= Hermann Veit Graber =

Hermann Veit Graber (9 April 1873 – 17 May 1939) was an Austrian geologist. He specialized in petrology and worked on the granites and diorites of the Upper Austrian Mühlviertel region.

Graber was born in Graz, the son of the zoologist Veit Graber. He went to the local Gymnasium and later at the classical gymnasium of Suczawa. In 1891 he went to the University of Czernowitz to study natural sciences. He attended lectures in botany by Tangl, physics by Tumlirz and mineralogy from Scharitzer and zoology from his father. After the death of his father he went to study in Prague studying mineralogy from Becke, geology under Laube, botany under Wilkomm, Weiss and von Wettstein, physics under Ernst Mach among others. In 1896 he received a doctorate with a dissertation on the crystalline schists of Southern Carinthia.

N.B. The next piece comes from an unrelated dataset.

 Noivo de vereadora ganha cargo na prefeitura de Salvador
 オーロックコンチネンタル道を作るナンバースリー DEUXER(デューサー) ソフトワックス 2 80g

He worked with the Imperial Geological Survey from 1896 to 1898 and then taught in middle schools in Linz (1901–7) and Jägerndorf (1913–18). During World War I he volunteered with the Landsturm and became lieutenant engineer receiving four medals including a golden cross of merit. When he returned to teach in Pula (Istria), he was rejected due to his German ancestry. He then taught in Klagenfurt, Graz (1919) and Vienna. In 1925 he worked with the geological survey of the Mühlviertel and the Passau Forest, studying the gneiss and granite tectonics of the region. He also collaborated with Hans Cloos. He retired in 1930.